## ABOUT THIS TASK
Print all of the data below exactly as it appears, leaving out every image.

## DATA SECTION

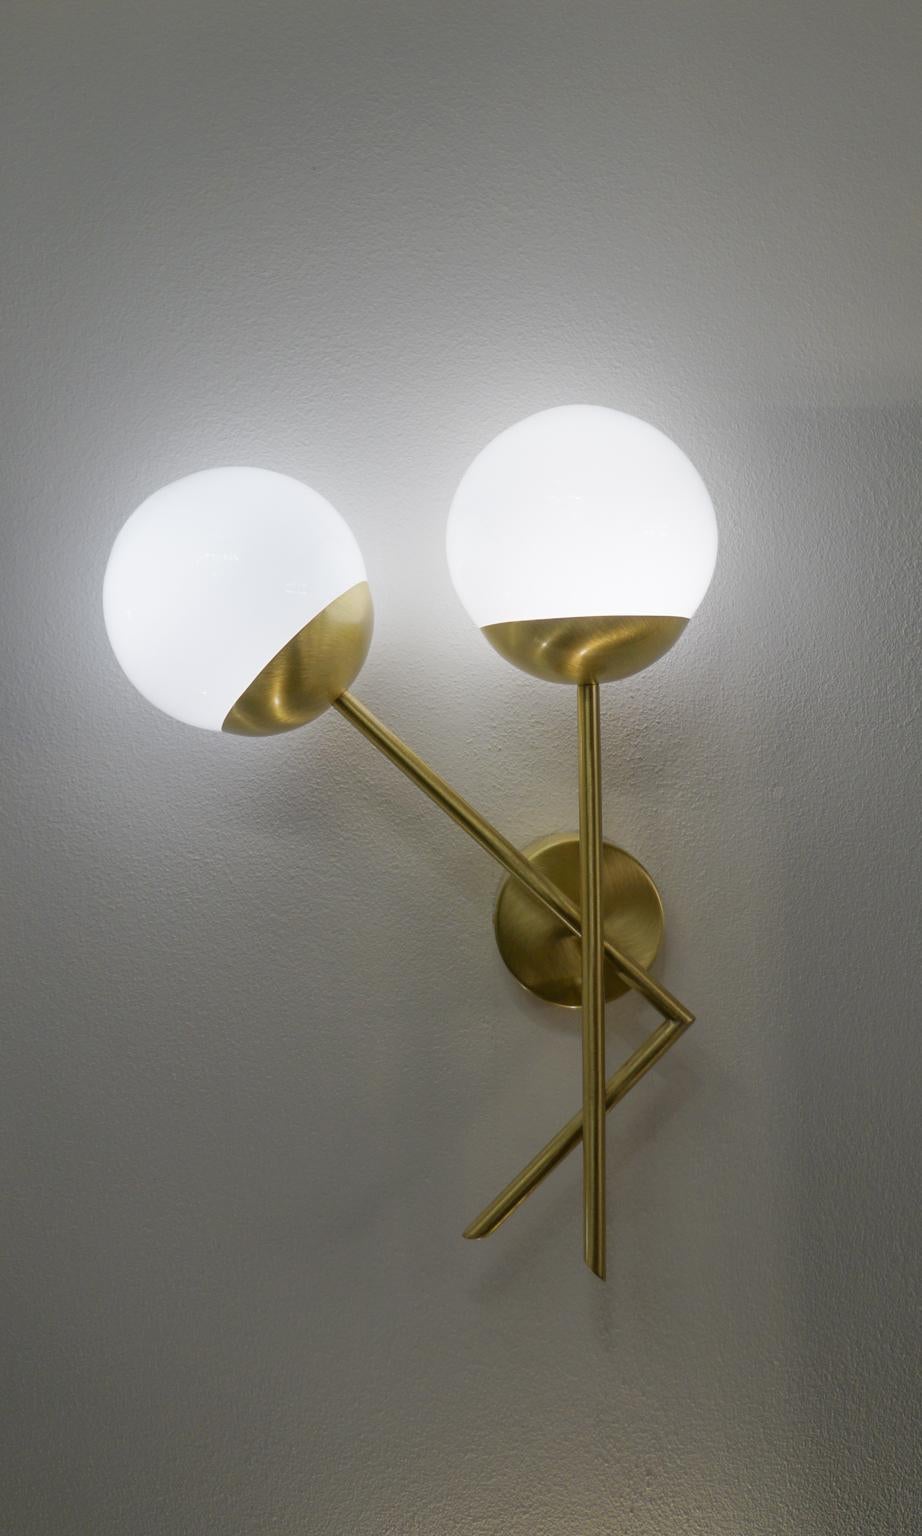 Attributed Stilnovo Mid-Century Modern White Pair of Murano Glass Wall Sconces For Sale 2
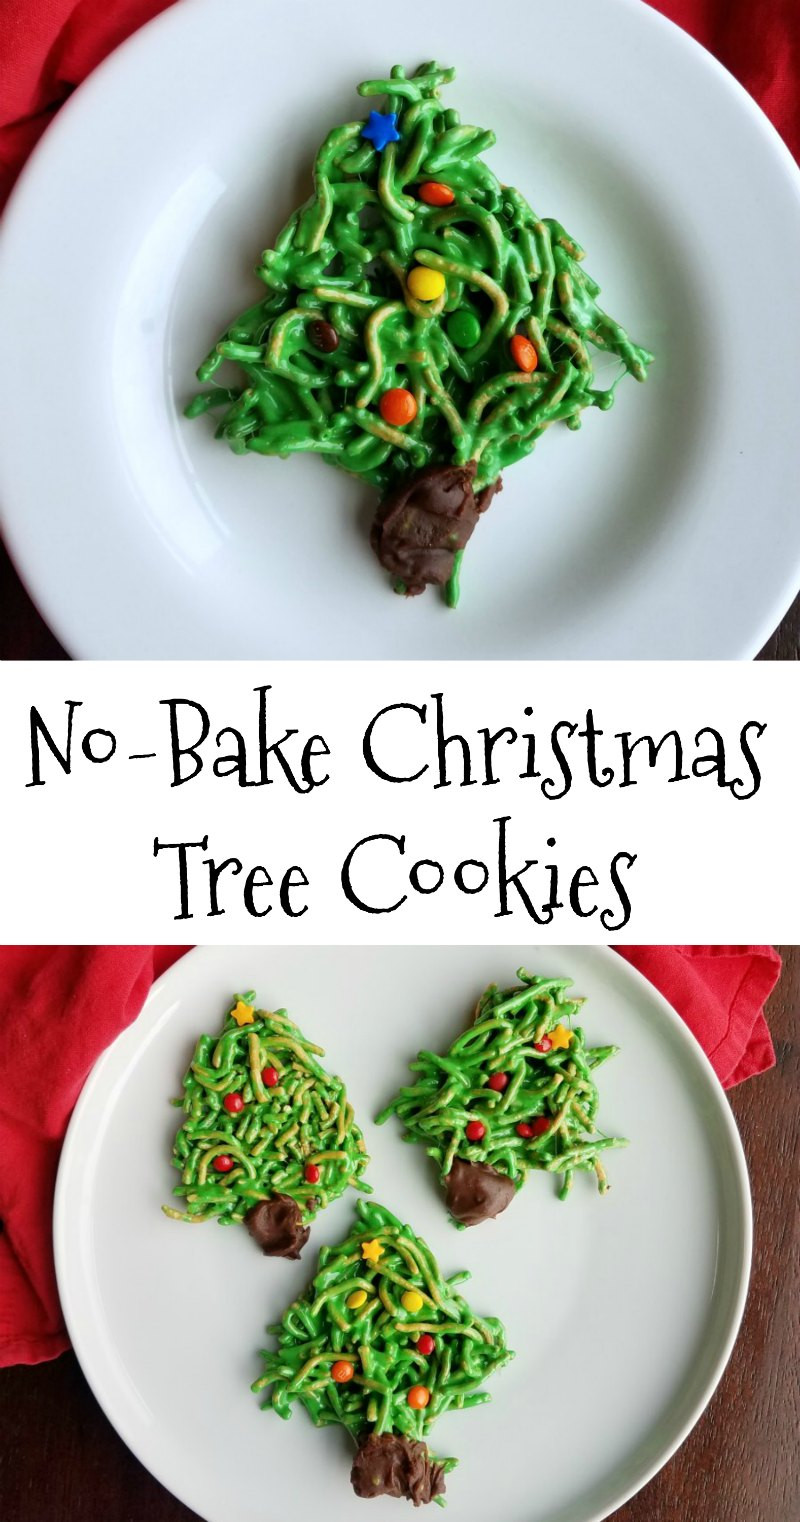 No Bake Christmas Tree Cookies
 Cooking With Carlee No Bake Christmas Tree Cookies

## EXERCISE ANSWER
 Attributed Stilnovo Mid-Century Modern White Pair of Murano Glass Wall Sconces For Sale 2
 No Bake Christmas Tree Cookies
 Cooking With Carlee No Bake Christmas Tree Cookies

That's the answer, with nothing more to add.